### EXERCISE BRIEF
Print the line containing "射擊玩具懶人貪睡 錄音功能 靜音電子時鐘" and each line after it through the end of the material below, exactly as it appears, but skip the pictures.

### DATA SEGMENT
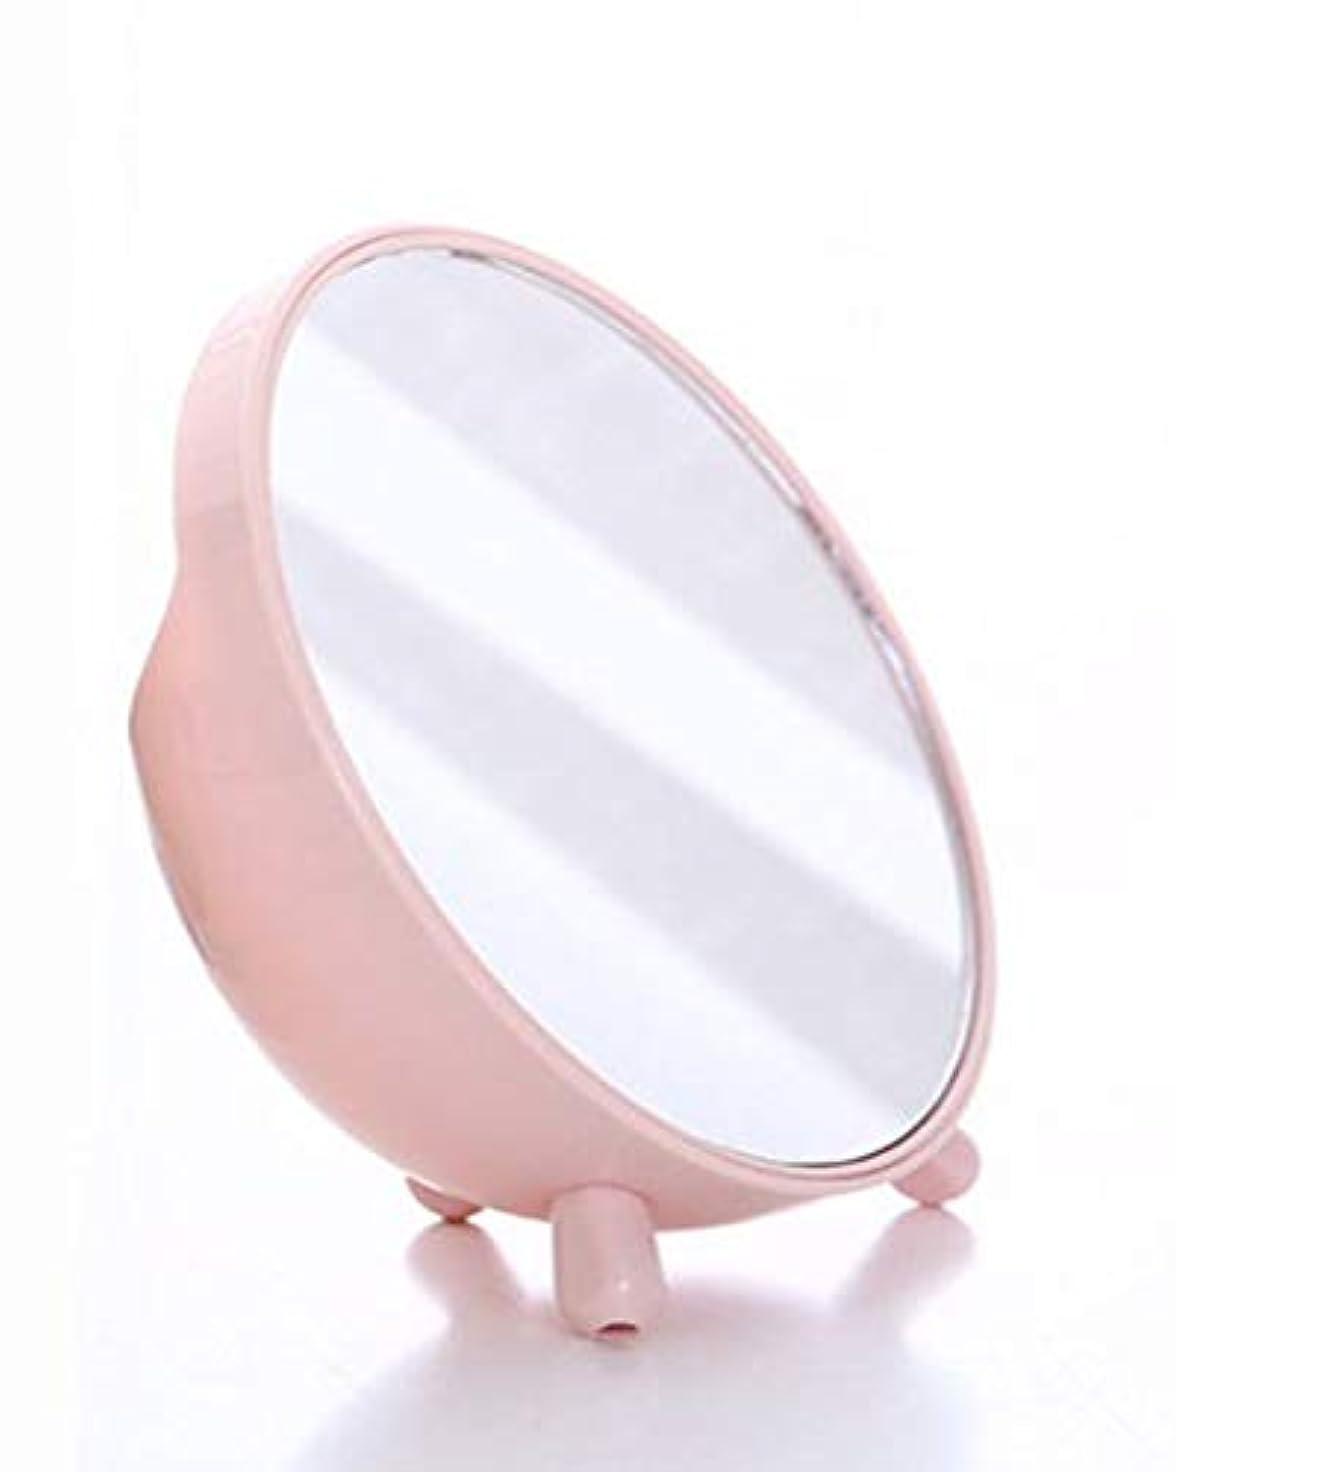 支配的反抗まだら化粧鏡、収納ボックス化粧ギフトとピンクのシンプルなラウンドテーブル化粧鏡
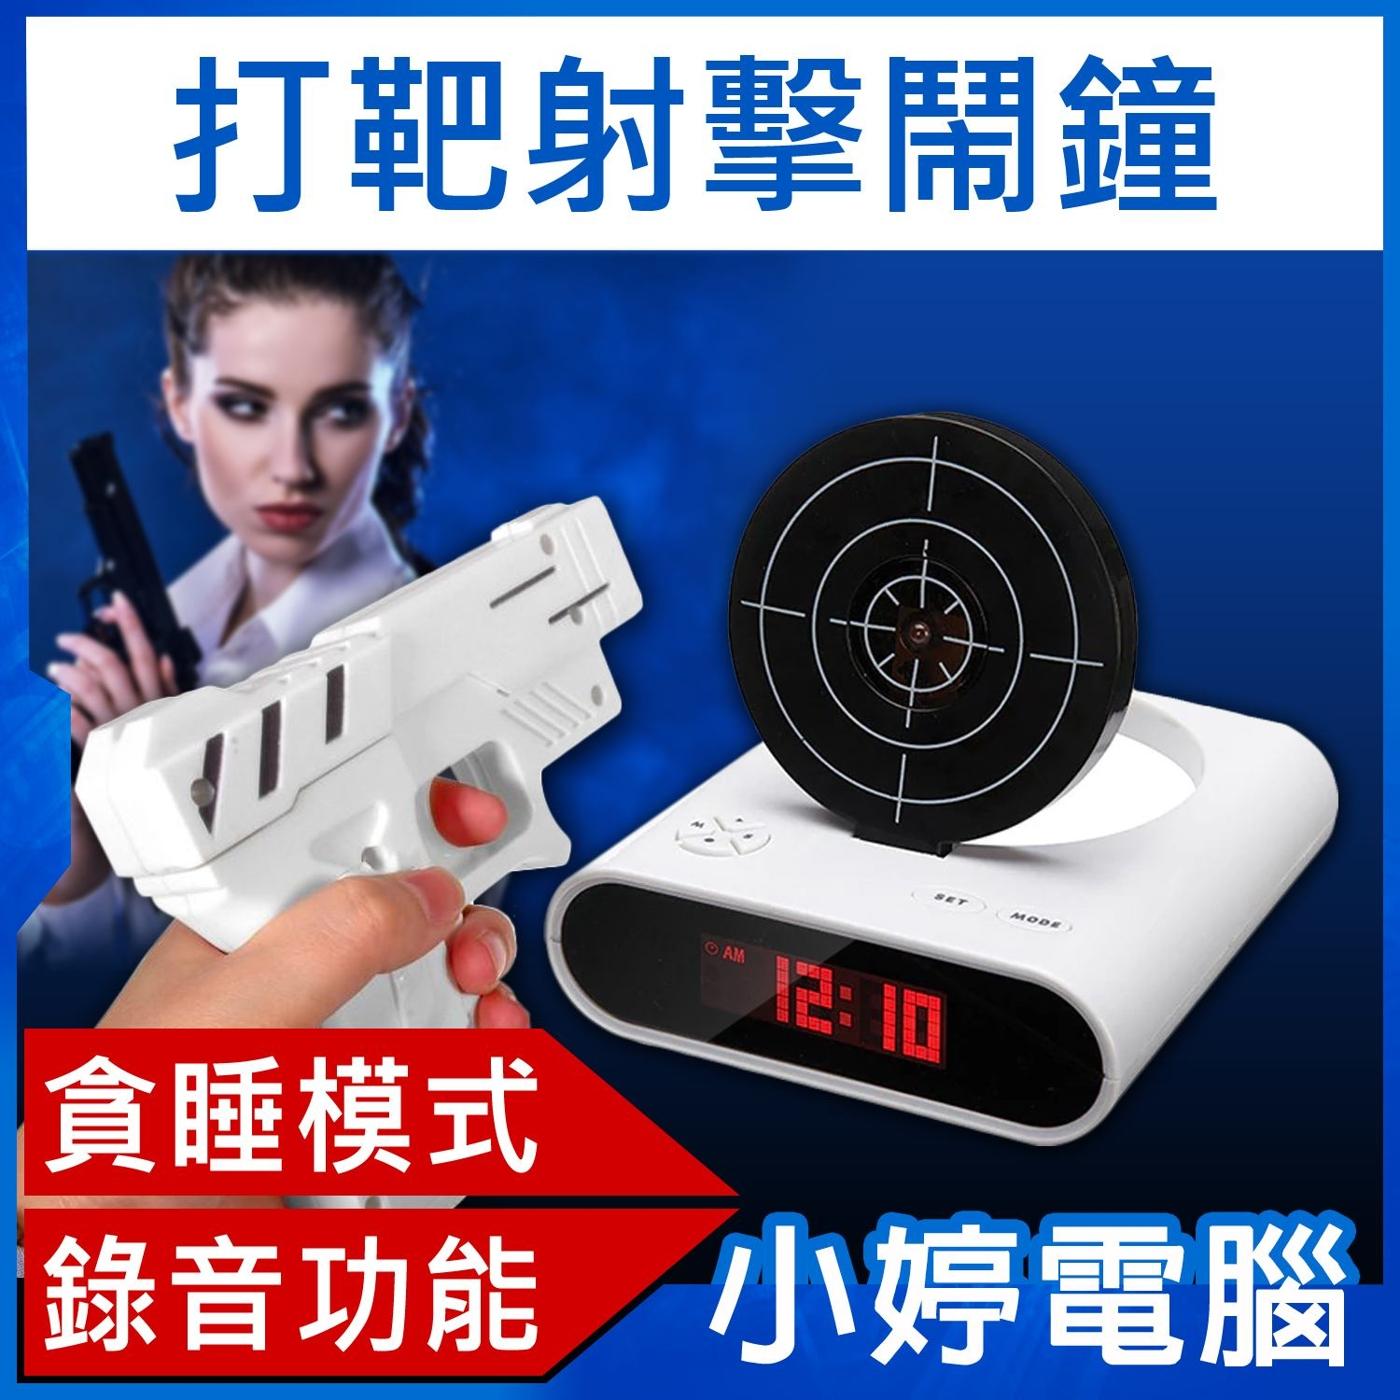 【限時24期零利率】全新 打靶射擊鬧鐘 創意鬧鐘 射擊玩具懶人貪睡 錄音功能 靜音電子時鐘
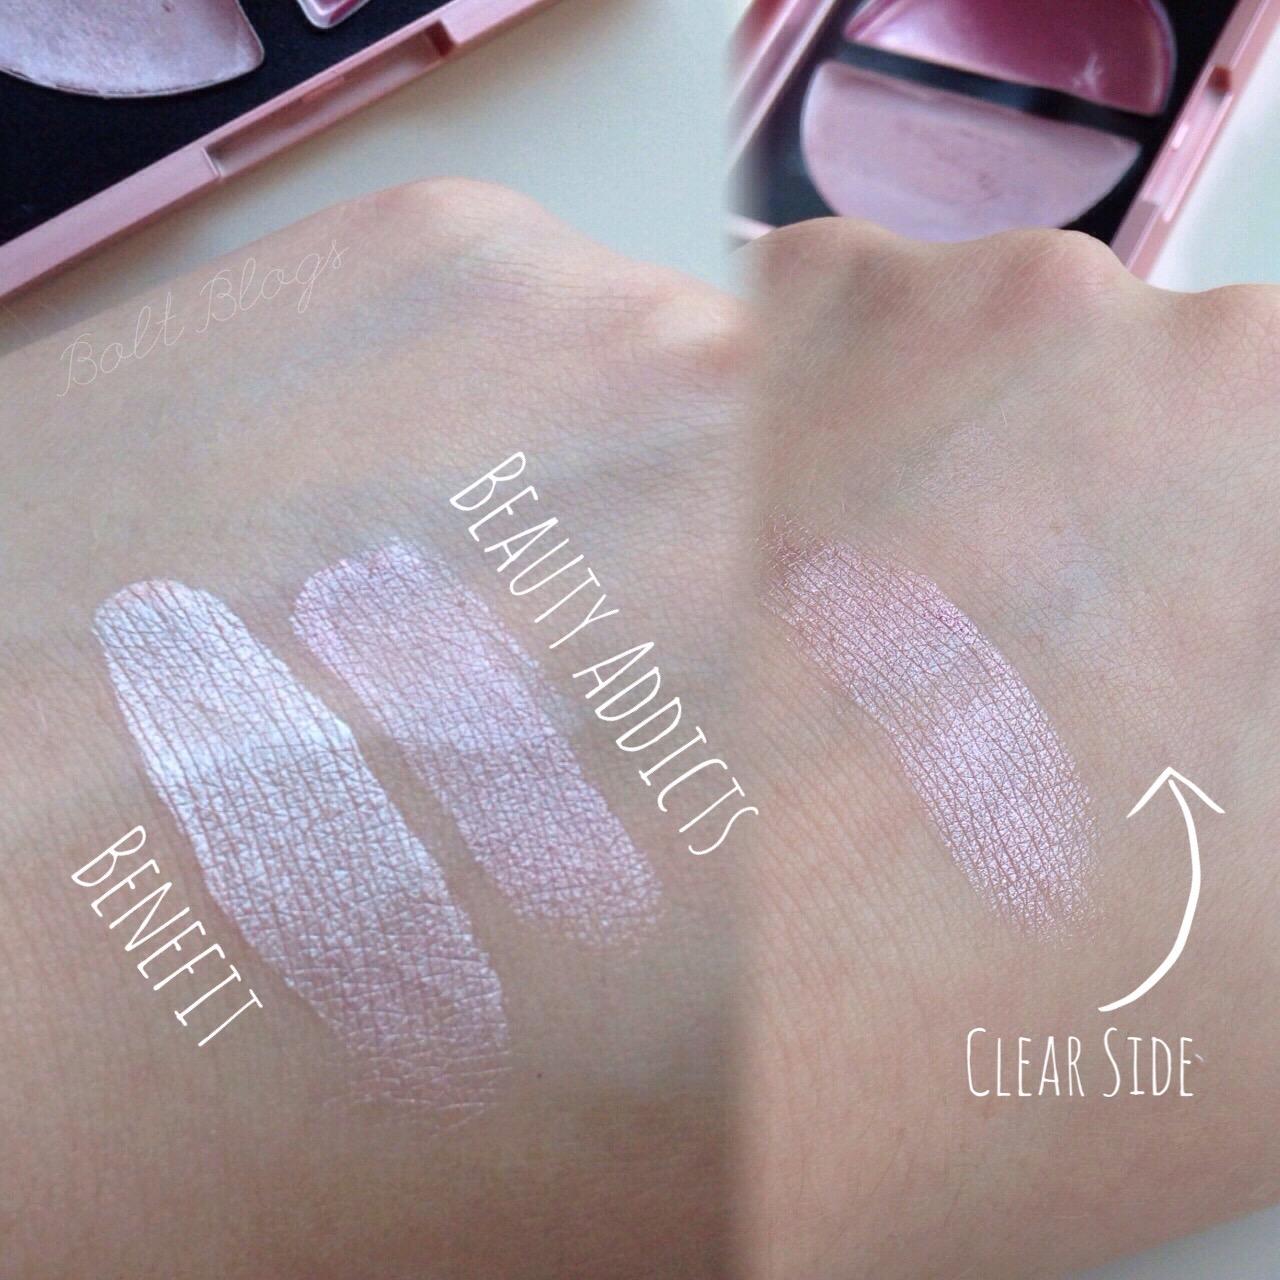 Beauty Addicts Glimmer Sheer Highlighter, Benefit High Beam | Bolt Blogs

### YOUR RESPONSE
 【限時24期零利率】全新 打靶射擊鬧鐘 創意鬧鐘 射擊玩具懶人貪睡 錄音功能 靜音電子時鐘
 Beauty Addicts Glimmer Sheer Highlighter, Benefit High Beam | Bolt Blogs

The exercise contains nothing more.